Two weapons in gunfight traced to Fast and Furious
WASHINGTON – Two of the weapons found after a drug cartel gunfight last month in Sinaloa, Mexico, that killed five people have been traced back to the U.S. – one lost during the ATF’s Operation Fast and Furious, the other originally purchased by a supervisory ATF agent who helped oversee the botched gun-tracking operation.
The discovery of the firearms – an AK-47 assault rifle and a 5.7 mm pistol – provides new evidence that some of the 2,000 weapons lost under Fast and Furious, and others as well, continue to flow freely across the U.S.-Mexico border and likely will be turning up at violent crime scenes for years to come.
The purchase by the supervisory agent, George Gillett of the ATF’s Phoenix field office, is now under review by the Department of Justice’s Inspector General’s Office, which earlier this year found major systemic problems with Fast and Furious.
In a brief phone call Wednesday, Gillett declined to discuss why he purchased the FN Herstal pistol in January 2010 or how it ended up in Mexico. He listed his address as the Phoenix ATF field office in the purchasing documents.

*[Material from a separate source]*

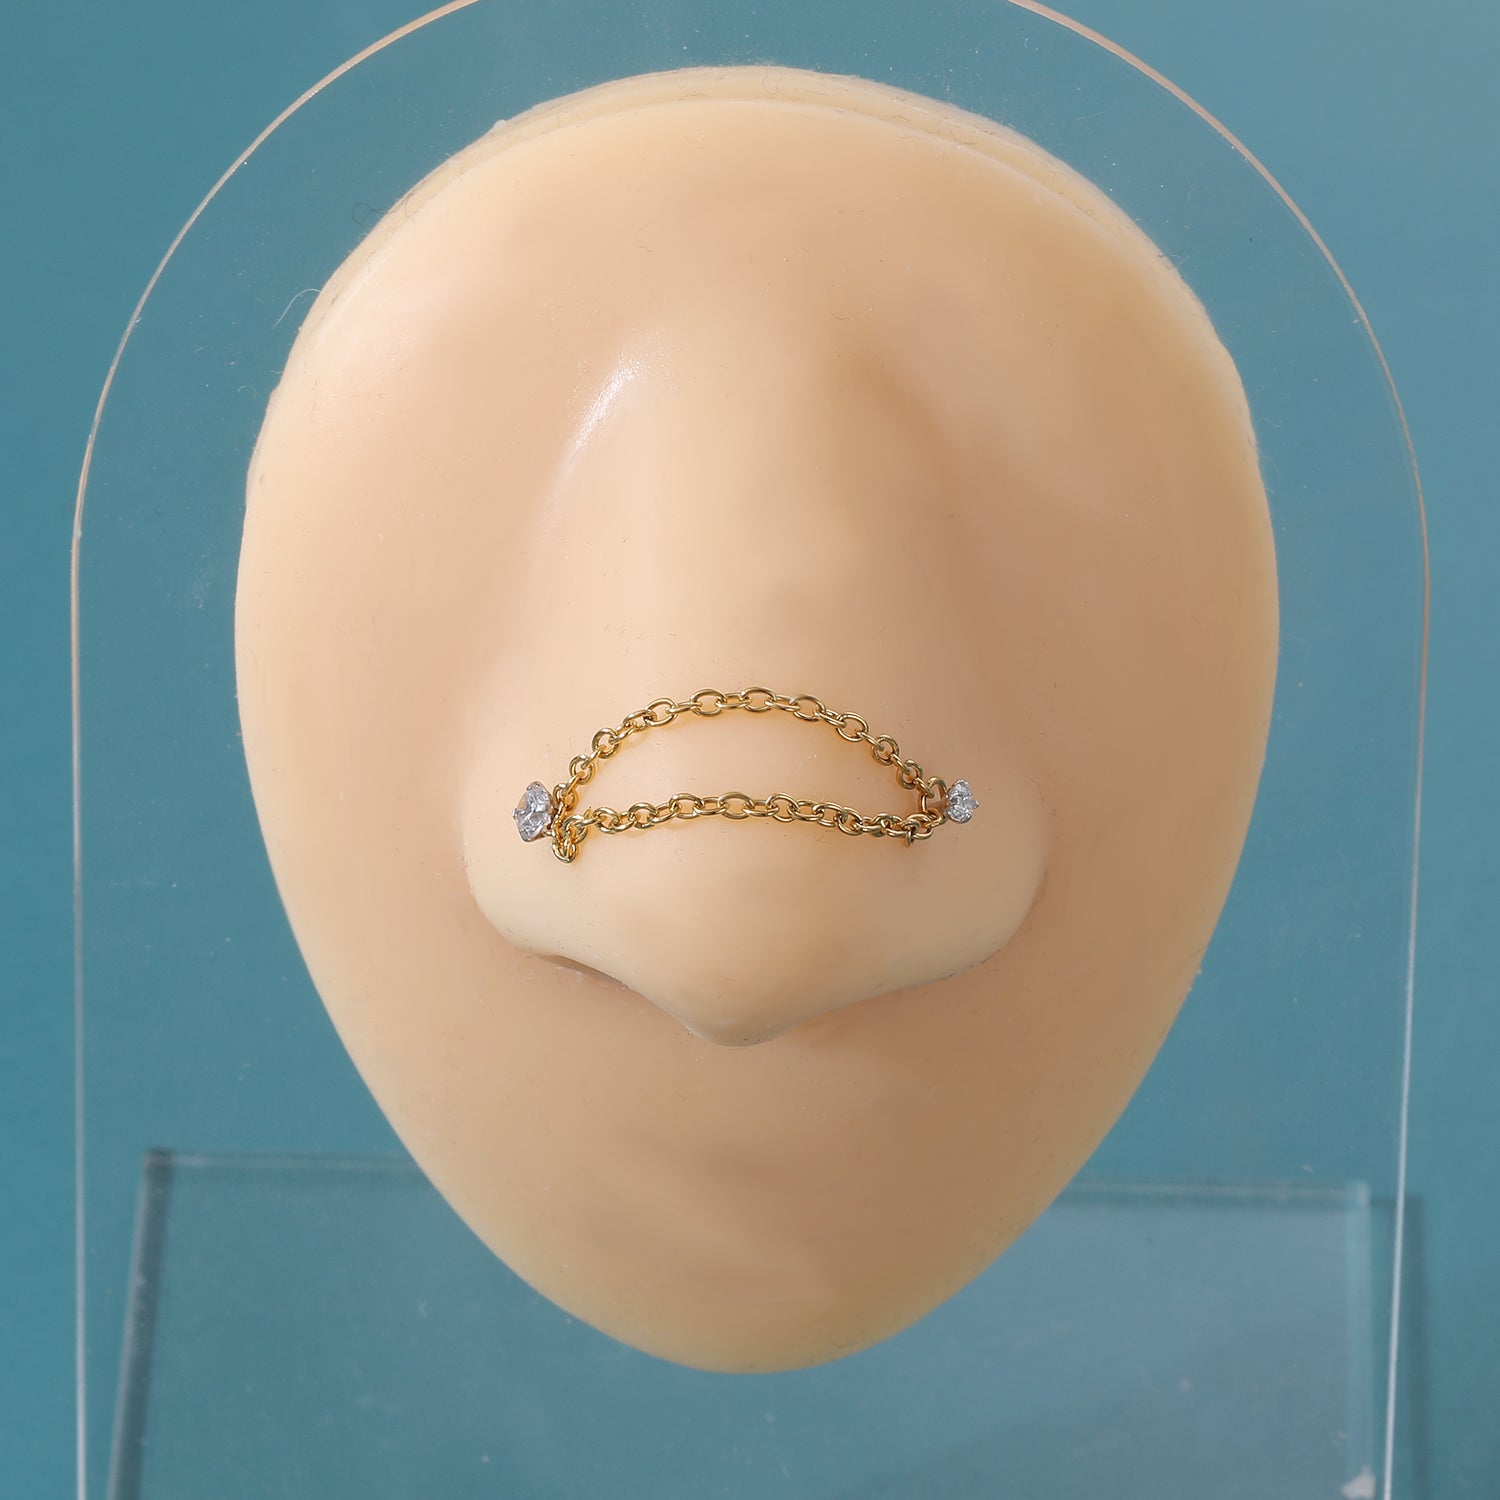 Buy Double Nose Chain & Cuff Set Nose Chain Nose Cuff No Piercing Nose to  Ear Chain Dangle Nose Ring Fake Nose Ring Online in India - Etsy

“I’ve got no comment. I can’t discuss it,” he said. “But it was a lawful transaction.”
Sen. Charles Grassley, R-Iowa, a leading congressional investigator into Fast and Furious, asked the IG’s office to review whether Gillett used “false” information in obtaining the weapon and two others by listing the field office or a Phoenix shopping center as his home addresses.
The other weapon recovered after the shooting, a Romanian AK-47-type WASR-10 rifle, was purchased in March 2010 in Arizona by Uriel Patino. It was one of more than 700 firearms he allegedly obtained illegally under the eyes of the federal Bureau of Alcohol, Tobacco, Firearms and Explosives in their attempts to track weapons to the Mexican cartels. Patino is being prosecuted in Arizona in connection with the purchases.
The shooting occurred Nov. 24. Among those dead was Maria Susana Flores Gamez, a 22-year-old crowned “Sinaloa Woman” in 2012. Mexican authorities believe she might have been armed, too, and fired at soldiers, or was used as a human shield in the confrontation. Two soldiers also died.